Wednesday, June 27, 2007

Awoke this morning with 2 things ~


For some reason this morning, I awoke from my deep sleep with 2 things racing through my mind. One is the families that the Lord has been blessing with us the last few weeks as Carol, Kyle and I have enjoyed spending time with at the swim meets. Tomorrow is the championship swim meet and we will sure be pool side cheering them on. But its more than that. Its time invested into relationships - friendships - and families coming together. The Lord is definitely moving people into our lives...but my guard of the old days is not up and the forces to protect myself and my family are not up. We are taking a risk - to let people in and let them in close because that is the only way to grow. Grow in so many areas and not just in our friendships. Today if you have 3 close people who you can talk too and really share you heart with - You are blessed. I want to say Lucky - but luck has nothing to do with it. BLESSED comes from the Lord and blessed is the person who has 3 great friendships in their life. I am investing my time and energies into people. Jesus invested everything He had into people. Sure He paid the price when people turned on Him and we risk that as well. But "IF" we never venture out of our comfort zone and reach our hands out - we will be alone one day and how sad that would be. The greatest blessings I am experiencing in my "Walk" with Jesus has taken place in the last few years~ and those blessings have come in PEOPLE. Its one reason why I serve my church with the passion and the energy - not because I will get noticed but because I am serving God. Its not about the paycheck but because I am investing my time and money into changing lives - all I am doing is serving to set the stage - so that - that someone who walks through the doors at church, who may be on their last hair in life, their last dollar or at the end of the marriage ropes - can experience Jesus. It takes many things and many folks to make that happen but I am going to do my part. The folks that are coming to church now - many are folks Carol, Kyle and I have invested time with and time praying for. There is nothing more awesome than seeing them each week coming on their own now. KNOWING- they get it and maybe just one day they will experience God like I have the last few years. I know many of them are right now.... and I am blessed to be able to see the comfort in their faces and in their hearts. There is a real difference in folks - when we experience Jesus and He has control.

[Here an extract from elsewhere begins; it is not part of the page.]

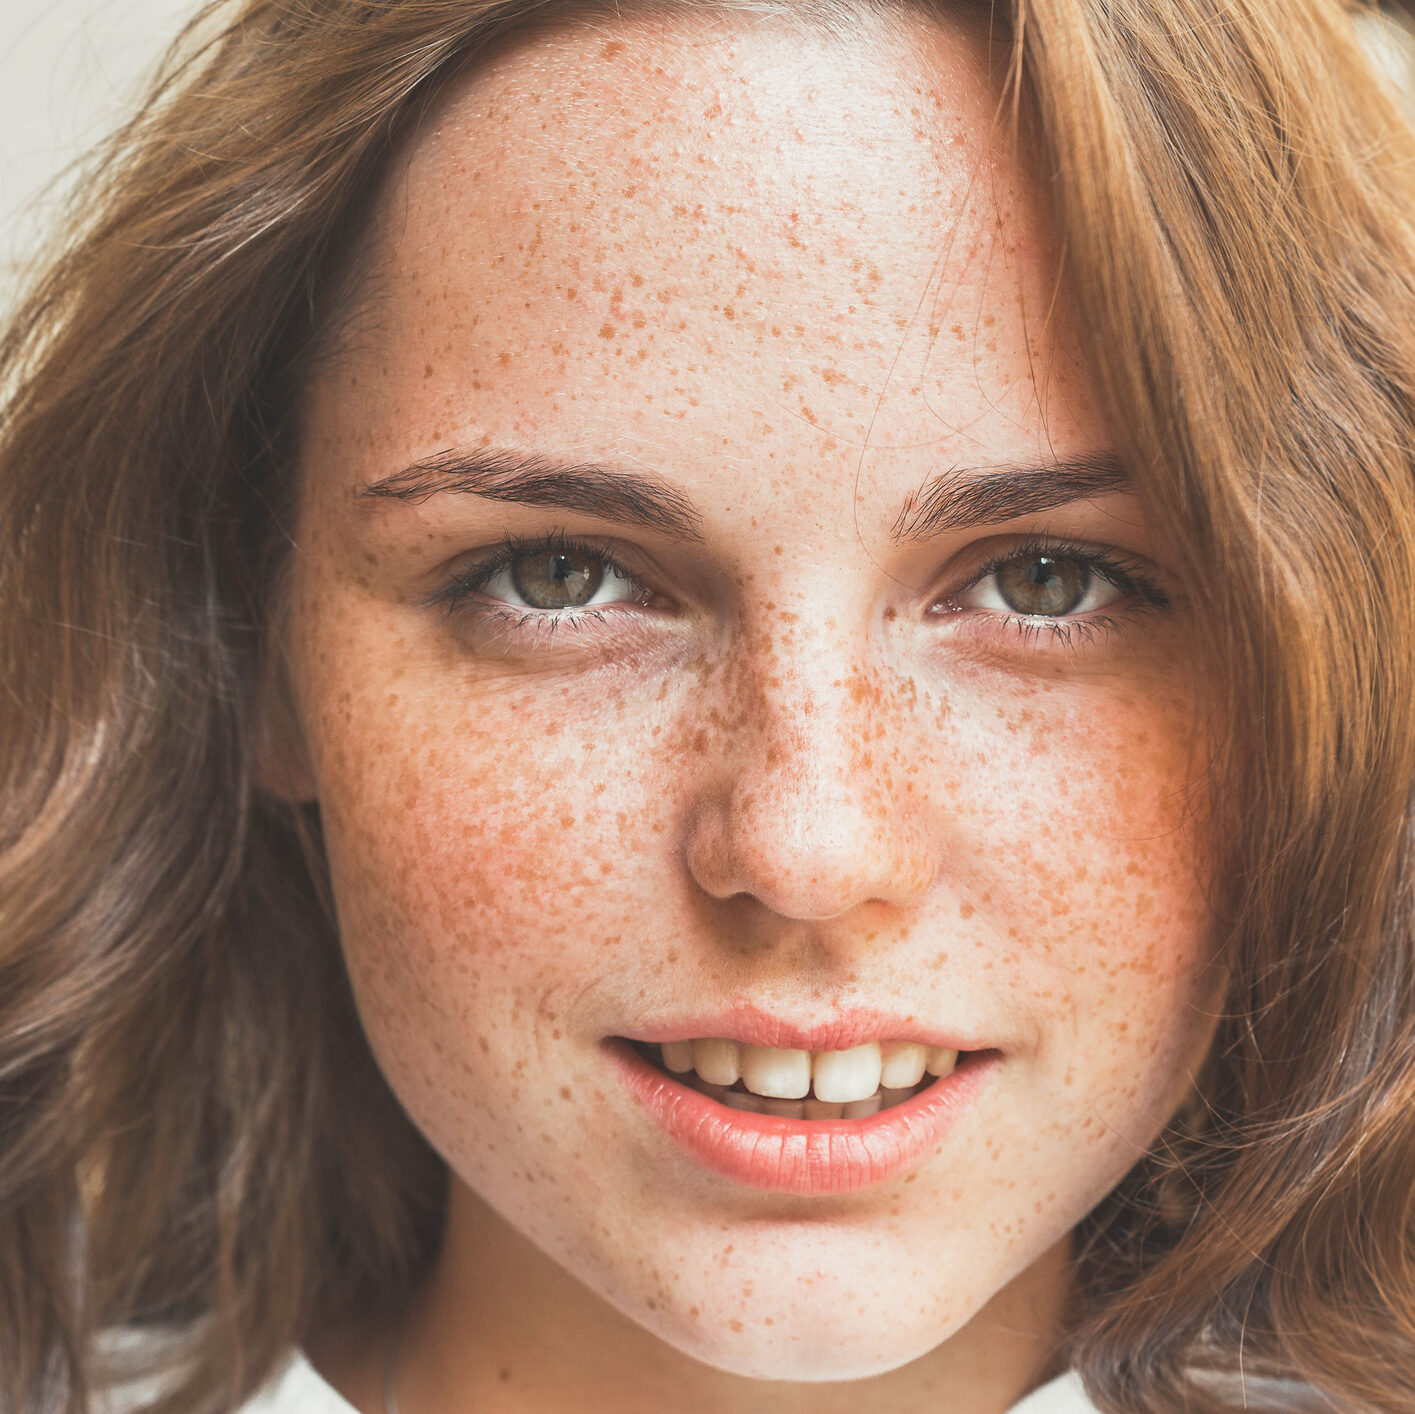 Woman with freckles

The second thing on my mind this morning was my mom. How I wish I could be sharing this time with her. Imagine with me sitting at the old house near the pond Sharon - sitting there passing the time, laughing and talking - watching the family fish and laugh. There were some of those memories but not enough of them. Sitting at the beach on the rocking chairs on that front porch listening to the waves and enjoying the sun warm our faces - even in November! So much to share but seems I have either forgotten or we never took the time to make enough of them happen. Time spent together - serving each other and sharing. Maybe that is one reason I spent so much time this past year in the classroom with my son. That invested time is paying dividends beyond anything I could ever imagine.
My schedule seems so full the last few weeks - but I know I am serving in the right places - investing in the right relationships and reaching folks for Jesus.
Everyone in life has a path to chose and follow.... I have finally found mine and I tell ya - Life is good. Life has meaning. Life has purpose. Life has joy. Life has direction. Life is with Jesus.